====== DATA TO PROCESS ======
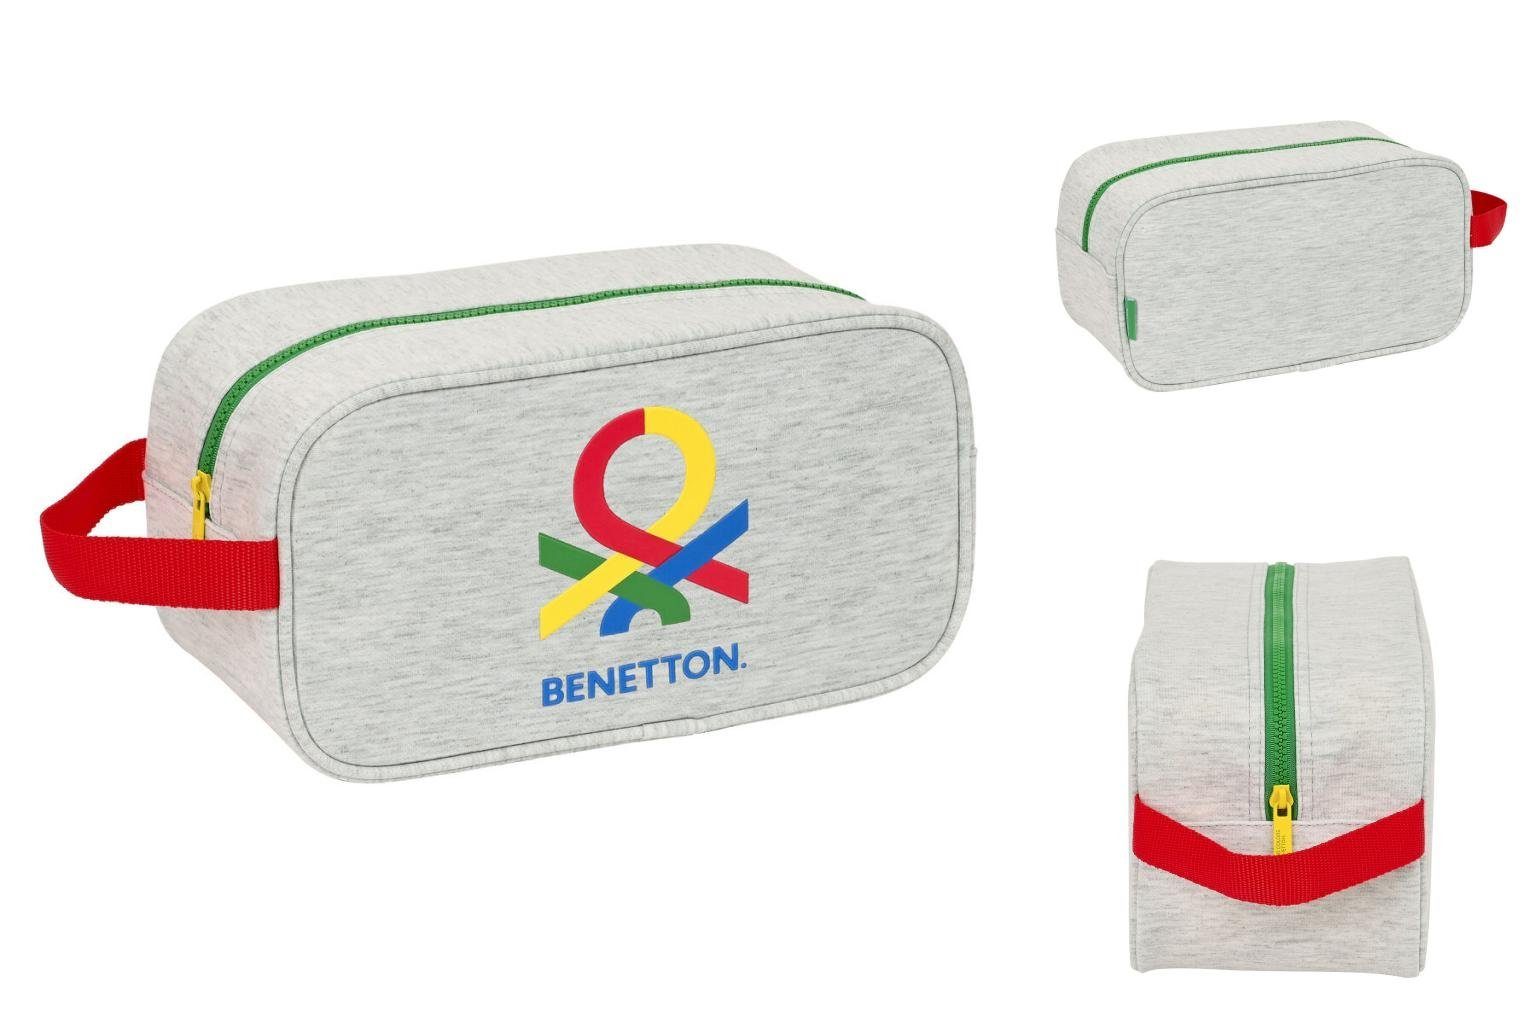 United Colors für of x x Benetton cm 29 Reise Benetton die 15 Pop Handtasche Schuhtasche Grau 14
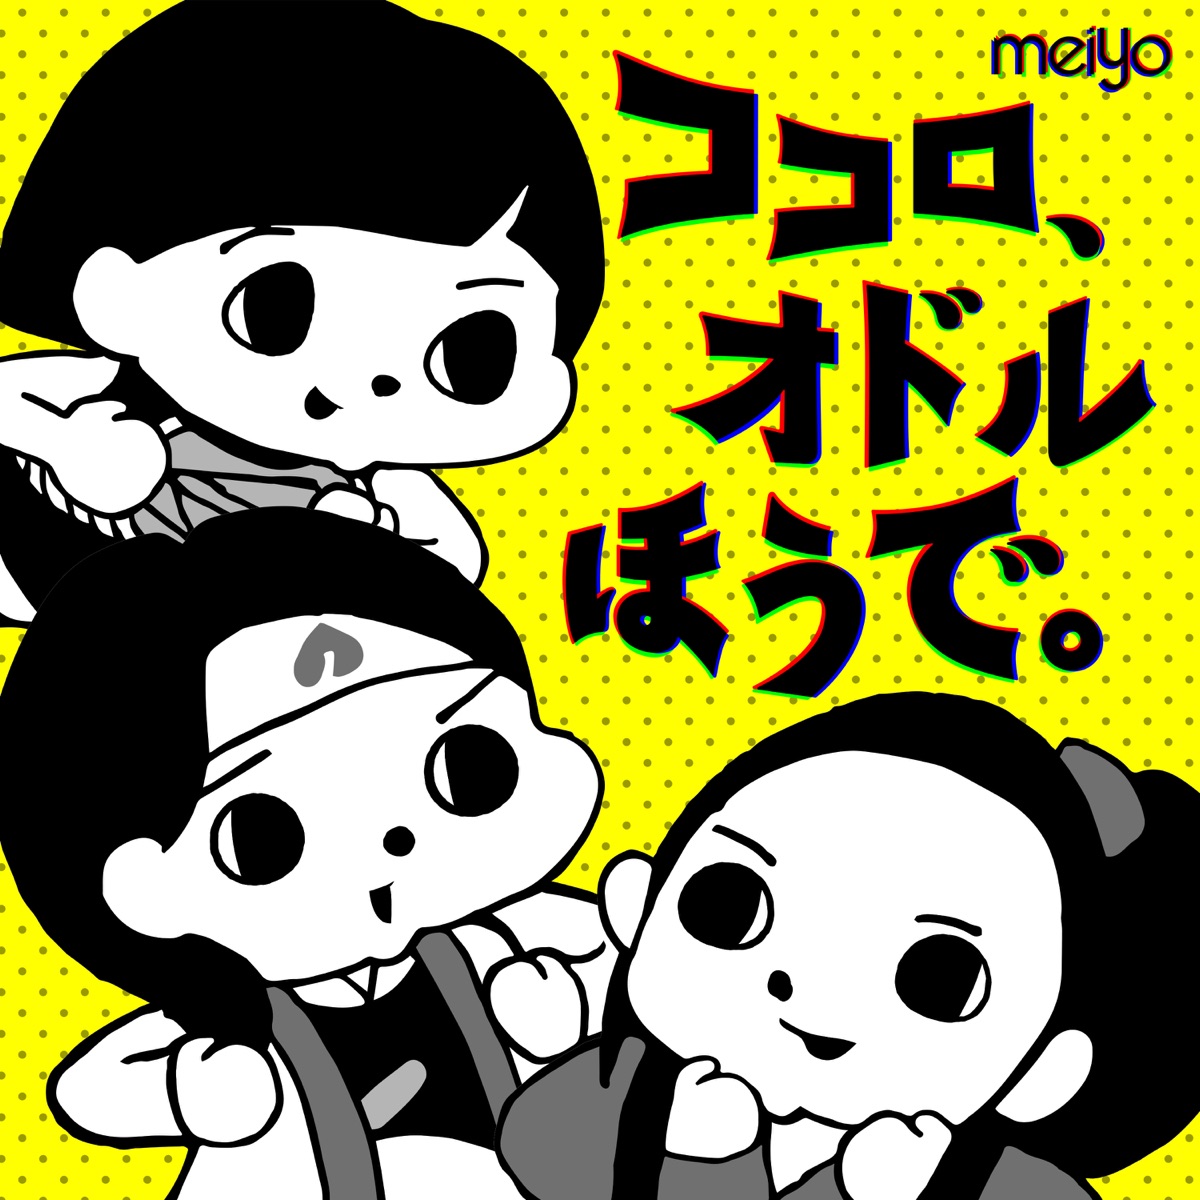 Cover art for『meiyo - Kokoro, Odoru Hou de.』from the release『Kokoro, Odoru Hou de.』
======
====== DATA TO PROCESS ======
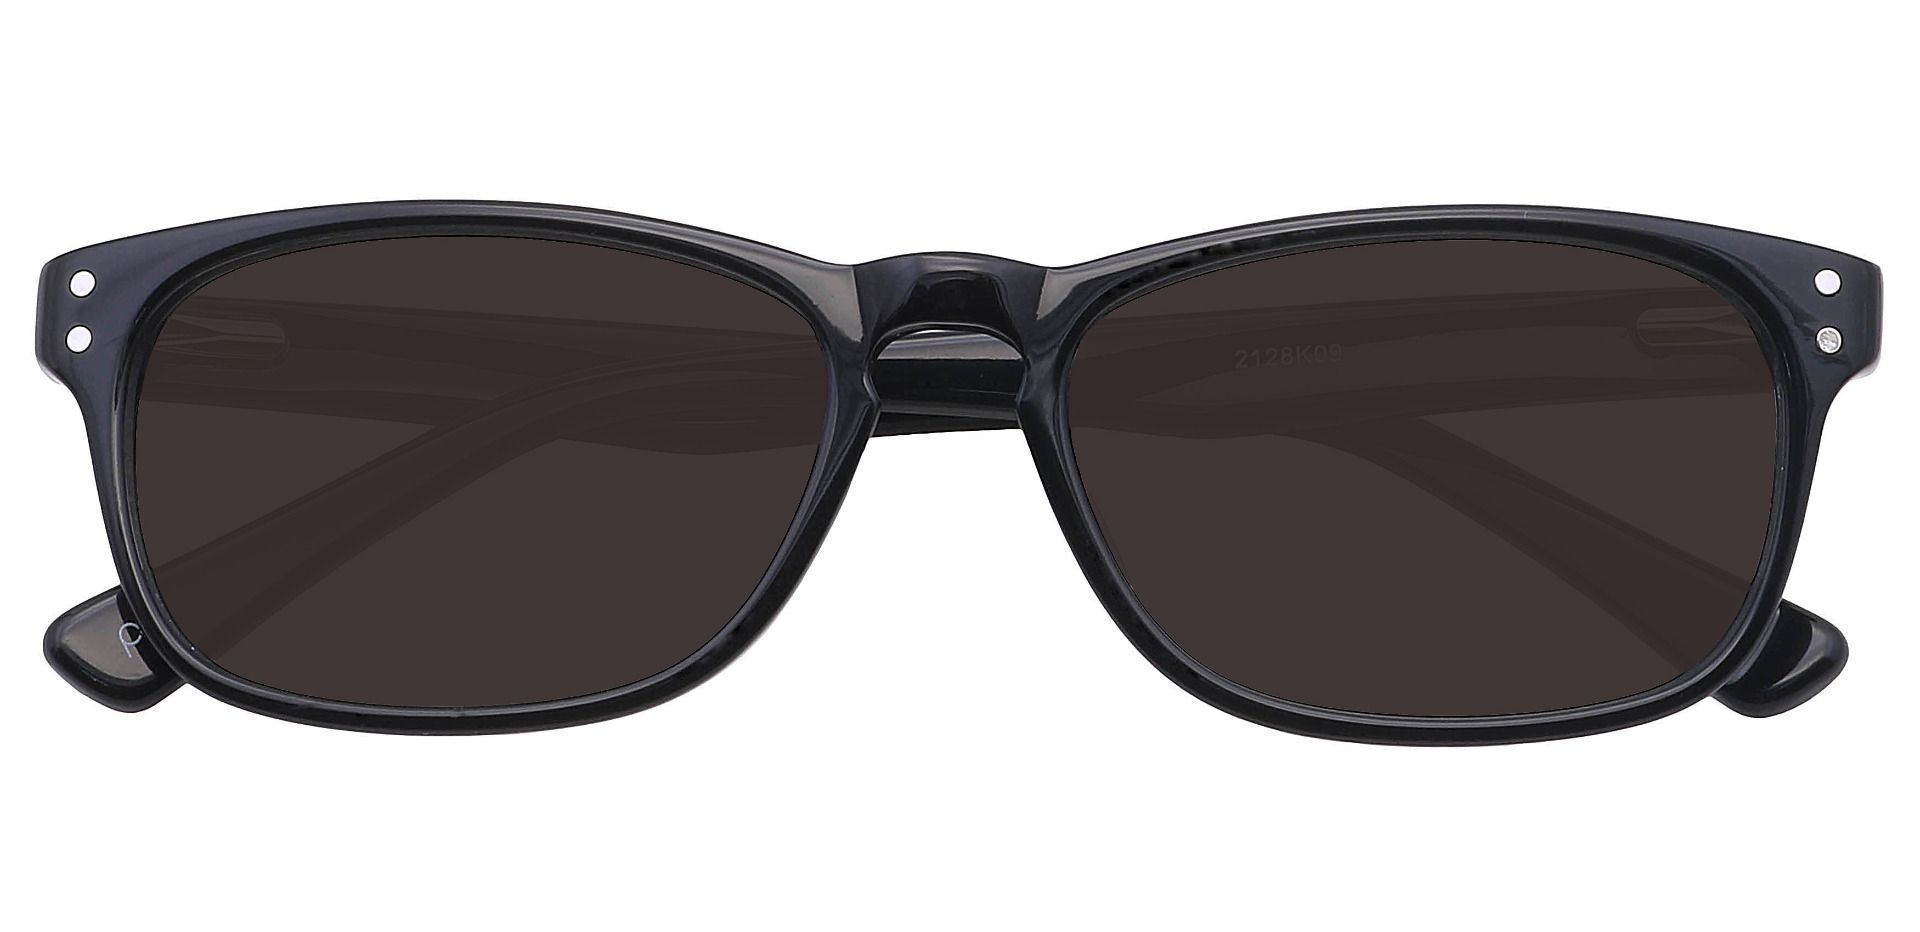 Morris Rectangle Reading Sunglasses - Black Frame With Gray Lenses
======
====== DATA TO PROCESS ======
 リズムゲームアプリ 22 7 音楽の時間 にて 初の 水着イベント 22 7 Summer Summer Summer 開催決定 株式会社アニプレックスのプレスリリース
======
**WHAT YOU HAVE TO DO**
Precisely those lines above that run from the line with "United Colors für" up to and including the line with "Cover art for『meiyo" are to be set down, with the pictures omitted.

**SOLUTION BELOW**
 United Colors für of x x Benetton cm 29 Reise Benetton die 15 Pop Handtasche Schuhtasche Grau 14
 Cover art for『meiyo - Kokoro, Odoru Hou de.』from the release『Kokoro, Odoru Hou de.』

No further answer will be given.